Thursday, 6 August 2020

Empyreal Energy Ltd v Daylighting Power Ltd

[2020] EWHC 1971 (TCC)

An expert made a determination that DPL pay EEL the sum of £1.7 million in respect of the costs of remedying works. DPL said that the dispute referred was not a dispute permitted to be referred to expert determination and that EEL had not served its notice of intention to refer the dispute in accordance with the contract. Mr Justice Stuart-Smith noted that resort to expert determination was only available where the Contract provided for the dispute to be referred to an expert. The process of referral to an expert was commenced by a party serving notice on the other “of its intention to refer the dispute” either to the CIArb or such other expert as may be agreed. Notice must be given of “intention to refer” and notice must be given of the party’s intention to refer “the dispute” to the expert.  The dispute identified in the Notice as the dispute intended to be referred and the dispute which the expert is entitled and required to decide are therefore one and the same. The parties only had five working days to make their submissions to the expert who was to provide a decision within seven working days.

Taking the Notice first, EEL submitted that its letter of 25 February 2020 and email of 4 March 2020 should be read together as constituting an adequate notice of intention to refer. The Judge was not troubled by the failure to state in those documents that they were intended to be a Notice of Intention to Refer: “it is much more important to look at the substance than the form.

Reading the two documents together, the Judge did not “characterise” them as being a mere threat. The email of 4 March 2020 indicated a settled intention to refer, albeit that it would not be necessary to do so if DPL were to pay the sum claimed or agree to adjudication. However, the Judge was troubled by what he termed the “confusion” that permeated the documents about the nature of the dispute that was being referred. Mr Stuart-Smith said:

“Viewed objectively, it cannot be concluded that the composite notice was sufficiently clear and unambiguous to leave a reasonable recipient in no reasonable doubt that it was intended to be a claim for adjustment of the Contract Price pursuant to the operative provisions of clauses 13.7(b) and 13.8 ...  The purported notice was therefore inadequate and invalid.”

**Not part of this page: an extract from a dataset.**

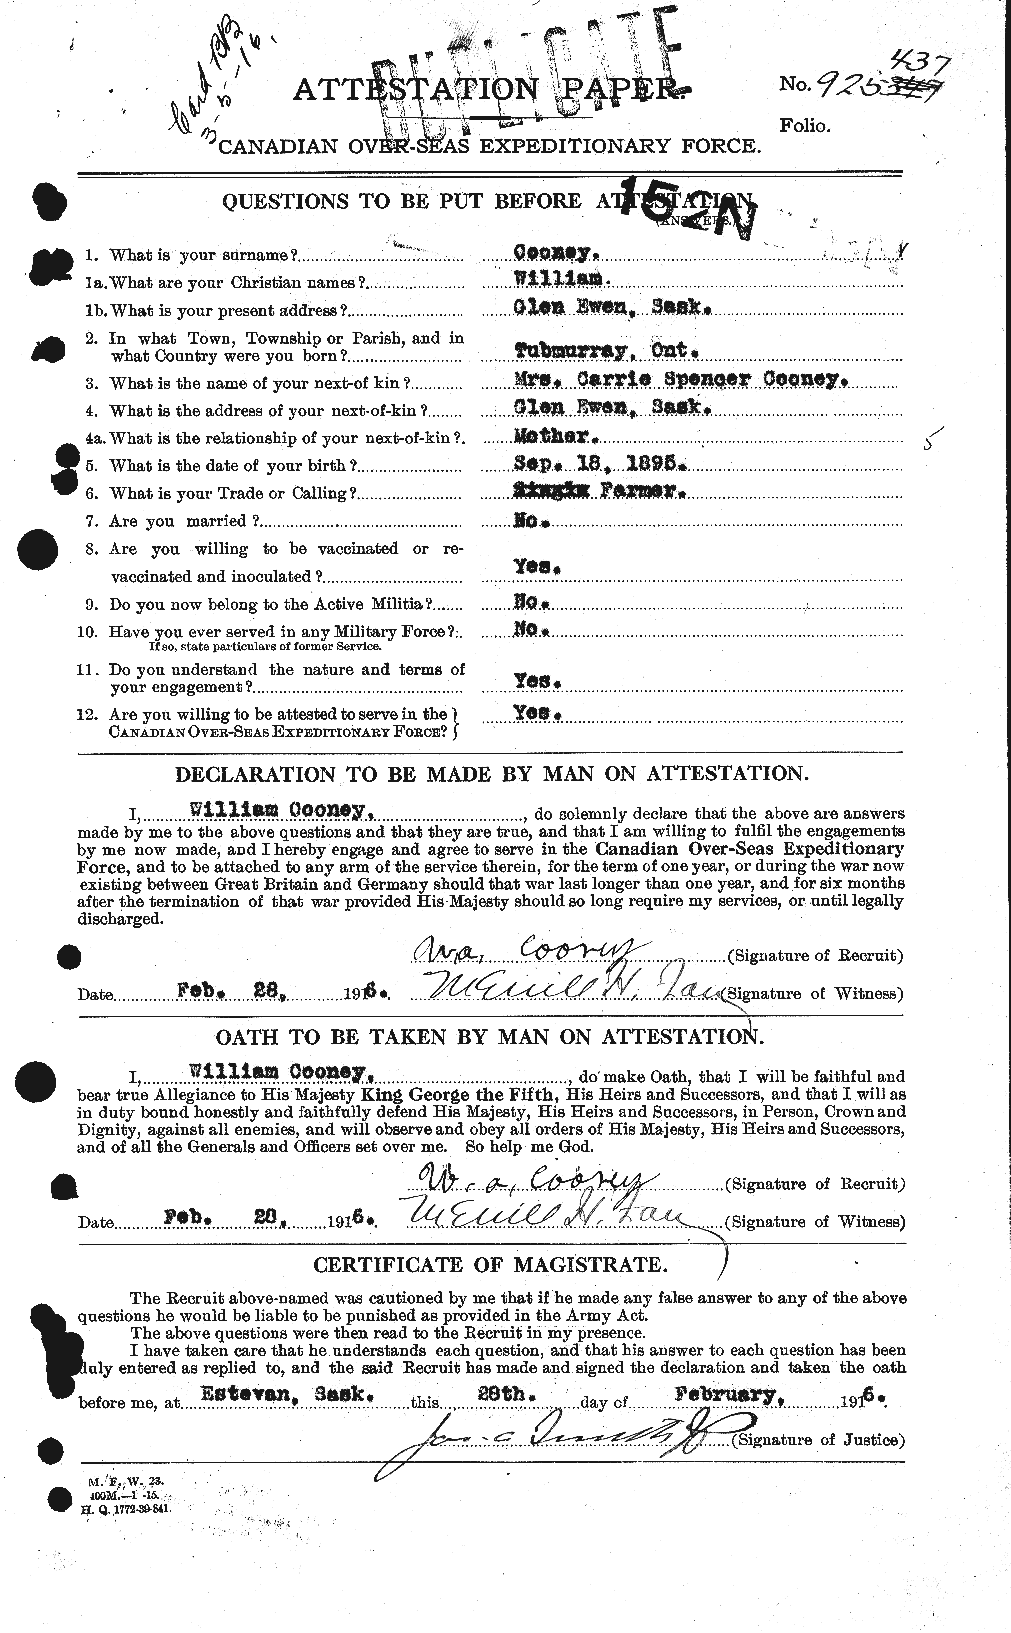 Dossiers du Personnel de la Première Guerre mondiale - CEC 054907a

This mattered because of the first objection to the expert determination. Was the dispute referred by EEL and decided by the expert one which the Contract permitted to be resolved by expert determination? The Judge thought not. The Contract provided that where the contractor failed to remedy a defect, under clause 13.7(a) EEL could arrange for the work to be carried out and claim the cost of this remedial work from DPL as a debt. Or, under clause 13.7(b) EEL could determine and agree a reasonable deduction in the Contract Price. Clause 13.8 stated that where the amount of reimbursement pursuant to clause 13.7(b) could be agreed then it should be resolved in accordance with clause 36 (i.e. expert determination). However, EEL had advanced a claim for the cost of repairs and not, as required by clauses 13.7(b) and 13.8, a claim for an adjustment of the Contract Price in relation to which the notional cost of repairs was supporting evidence. EEL’s submissions were confusing and failed to identify the true basis for a claim under clause 13.7(b).

Accordingly, the Expert did not have jurisdiction and the Expert’s Determination was null, void and not binding.